Originally Posted by Nosu3
Monkeys aren't humans so I'm not interested in those studies when discussing effect on humans. The type of possible damage would not be able to be seen in an MRI (I'm not talking about extensive brain damage that would be visible in a scan). The effects vary greatly between people depending on their biological make-up. It cannot be generalized (especially with the variety of chemicals in the herb) to have a non-harmful effect on everyone. I'm not convinced for the countless amount of people who developed mental illness right after marijuana use, that the marijuana had nothing to do with it.Warning: Spoiler! (Click to show)

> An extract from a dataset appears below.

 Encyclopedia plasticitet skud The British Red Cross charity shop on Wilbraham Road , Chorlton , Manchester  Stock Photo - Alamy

Cannabis-induced depersonalization disorder in adolescence.
Hürlimann F, Kupferschmid S, Simon AE.
University Hospital of Psychiatry, University of Bern, Bern, Switzerland.

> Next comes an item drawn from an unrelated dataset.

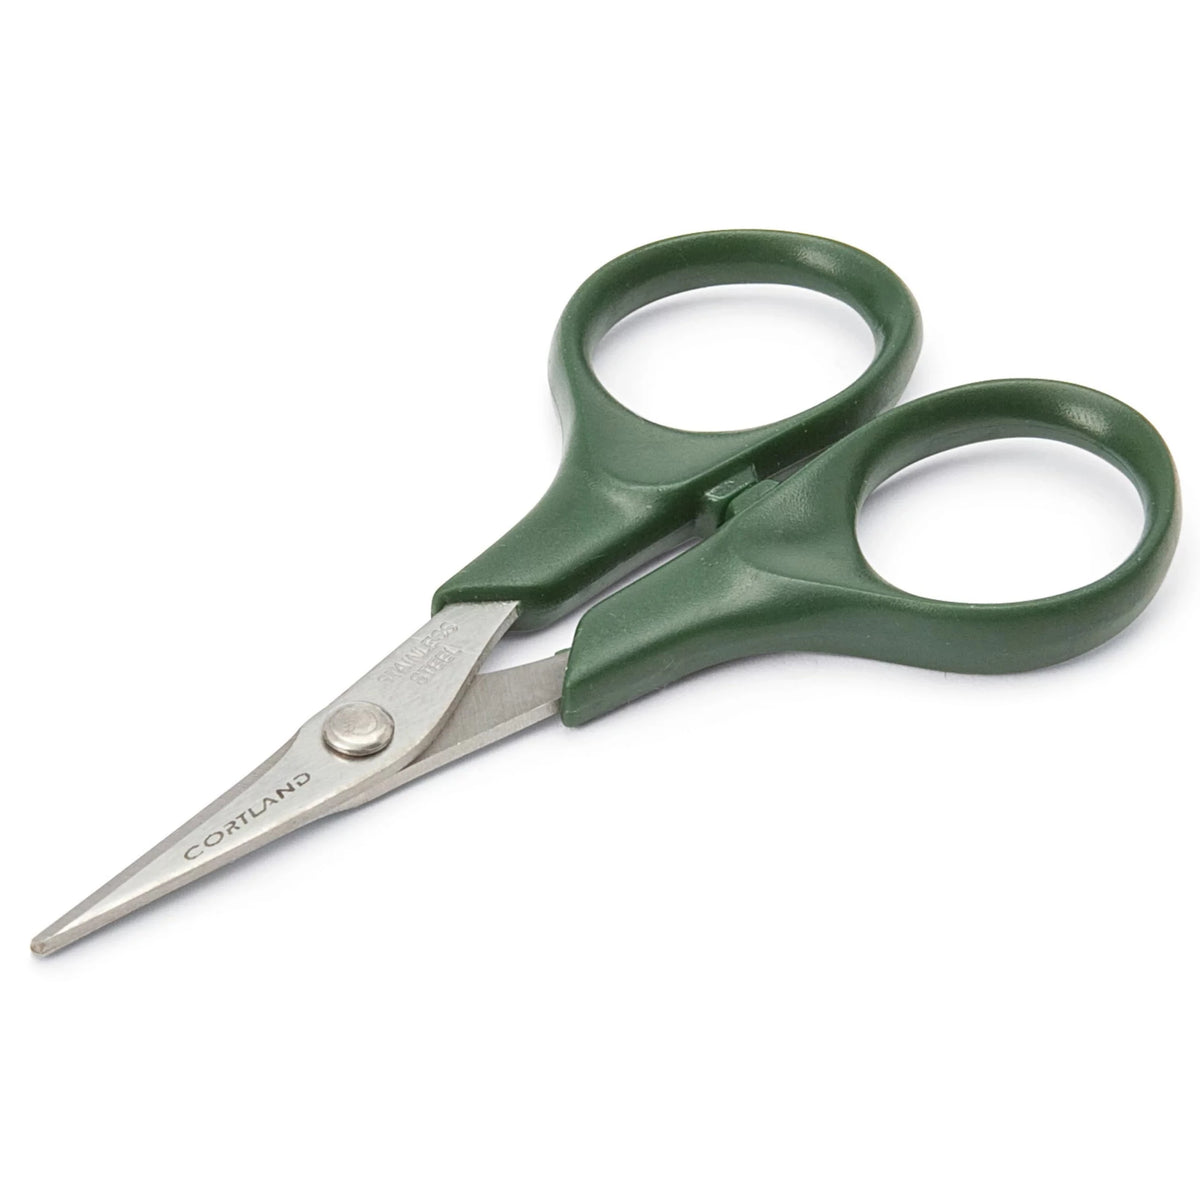 Cortland Braid Scissors

We present a case series of 6 patients who developed persistent depersonalization disorder in adolescence after consuming cannabis. In 2 of these cases, the illness course was severely disabling. Within the growing body of literature that investigates the effects of cannabis use on mental health, the association between cannabis and depersonalization disorder is widely neglected. We review the clinical characteristics of this disorder and summarize the neurobiological evidence relating it to cannabis use. This case series extends awareness about the potentially detrimental effect of cannabis use in young individuals beyond its well-documented relationship with psychosis and other psychological sequelae.
Cannabis-induced bipolar disorder with psychotic features: a case report.
Khan MA, Akella S.
Staff Psychiatrist at the Greater Binghamton Health Center, Binghamton, New York; fourth year student, New York College of Osteopathic Medicine, New York, New York.
There has been considerable debate regarding the causal relationship between chronic cannabis abuse and psychiatric disorders. Clinicians agree that cannabis use can cause acute adverse mental effects that mimic psychiatric disorders, such as schizophrenia and bipolar disorder. Although there is good evidence to support this, the connections are complex and not fully understood.As the research in the endocannabinoid system is emerging, the neurobiological effects of cannabis are being evaluated in the development of psychiatric illness for those individuals who may be genetically vulnerable. Here we present a case of a college student who initially suffered from an acute psychotic breakdown secondary to cannabis abuse that manifested into bipolar disorder with psychosis.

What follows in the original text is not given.